- Created: 1910 1960
- Eliminated: 1930 1970
- Years active: 1913-1933 1963-1973

= North Dakota's 2nd congressional district =

North Dakota's 2nd congressional district is an obsolete congressional district in the state of North Dakota that was created by reapportionments in 1913, and eliminated by the reapportionments in 1933. North Dakota elected its two Representatives in a two-member at large district from 1932 to 1960, but then resurrected single-member districts in 1962. The district was eliminated by the reapportionment as a result of the 1970 redistricting cycle after the 1970 United States census. The seat was last filled from 1971 to 1973 by Arthur A. Link, who sought the office of Governor of North Dakota after not being able to run again for the defunct seat.

==Boundaries==

When existing between 1913 and 1933, the district included the capital Bismarck and consisted of the following counties of central North Dakota: Bottineau, Rolette, McHenry, Pierce, Benson, Sheridan, Wells, Eddy, Foster, Griggs, Stutsman, Barnes, Kidder, Burleigh, Emmons, Logan, McIntosh, LaMoure, and Dickey.

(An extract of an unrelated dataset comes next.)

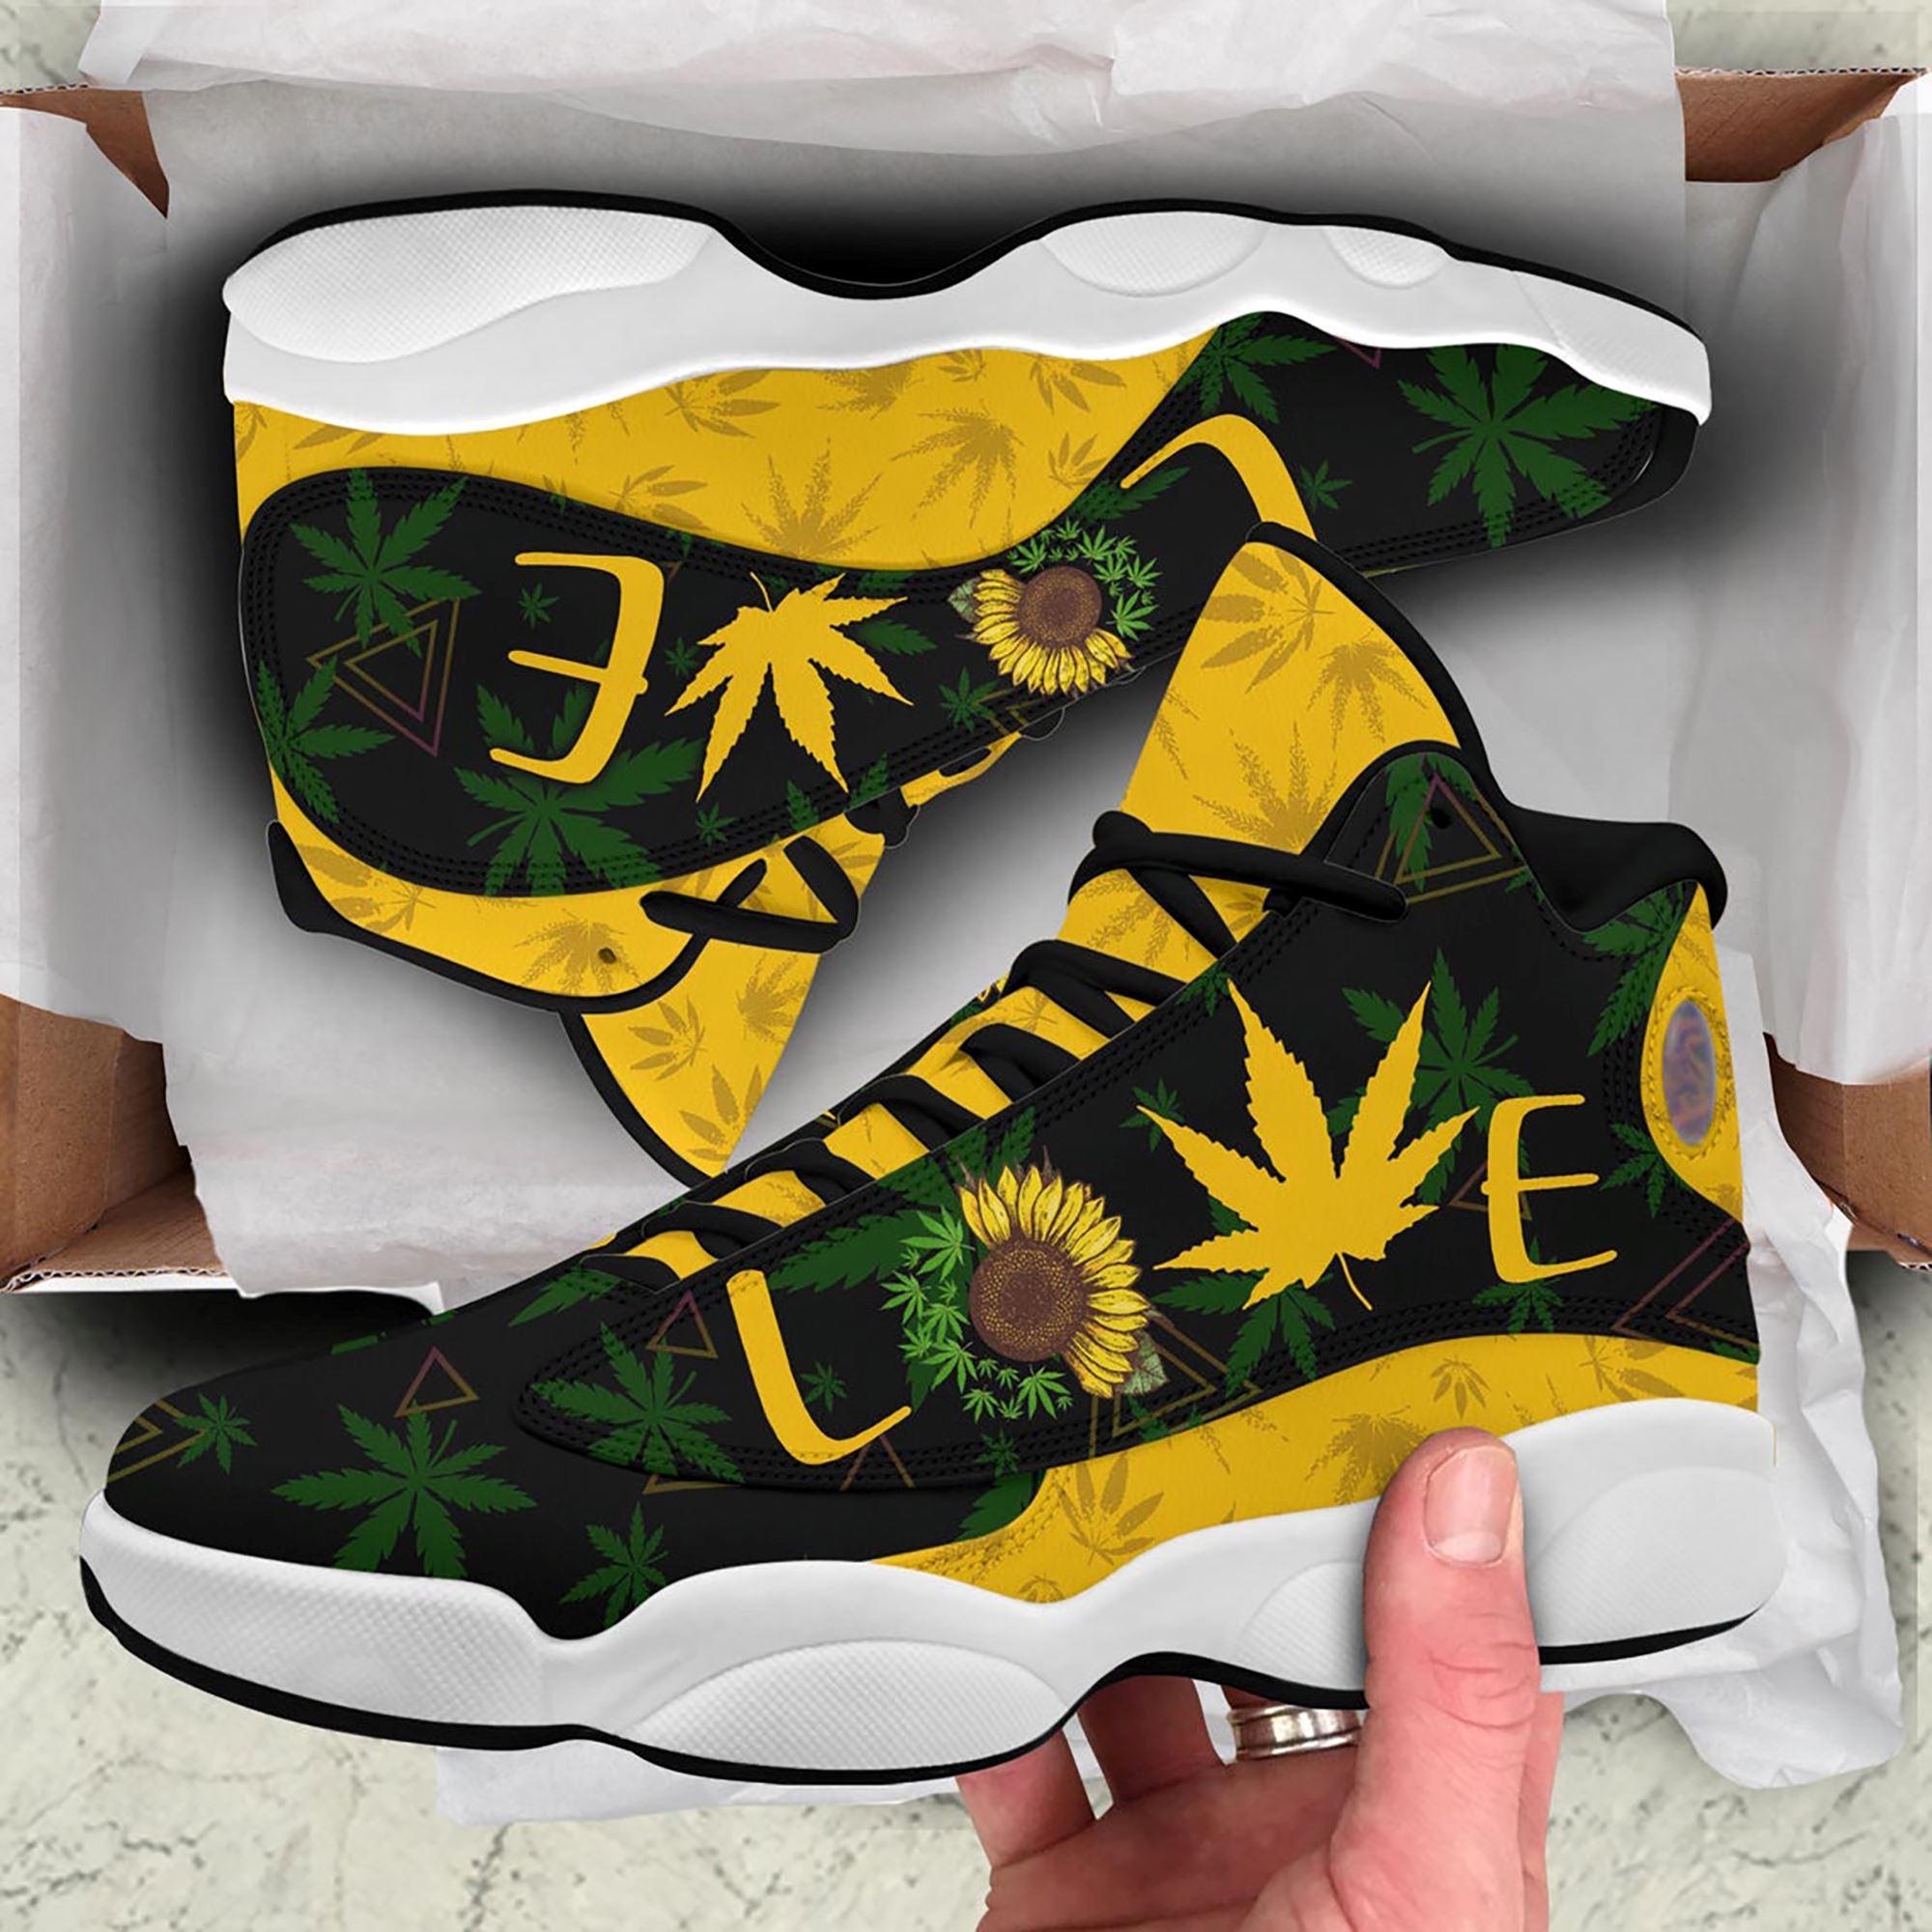 Cannabis Weed Sunflower Love Air Jordan 13 Sneakers Shoes For Men And Women Air Jd13 Shoes Cannabis Psychedelic Marijuana Lover

The 1963 recreation was different, consisting of the western half of the state, again including Bismarck. It contained the following counties: Bottineau, McHenry, Sheridan, Wells, Kidder, Burleigh, Emmons, Logan, McIntosh, Divide, Burke, Renville, Ward, Mountrail, Williams, McKenzie, McLean, Dunn, Mercer, Oliver, Billings, Stark, Morton, Hettinger, Bowman, Adams, Golden Valley, Grant, Slope and Sioux.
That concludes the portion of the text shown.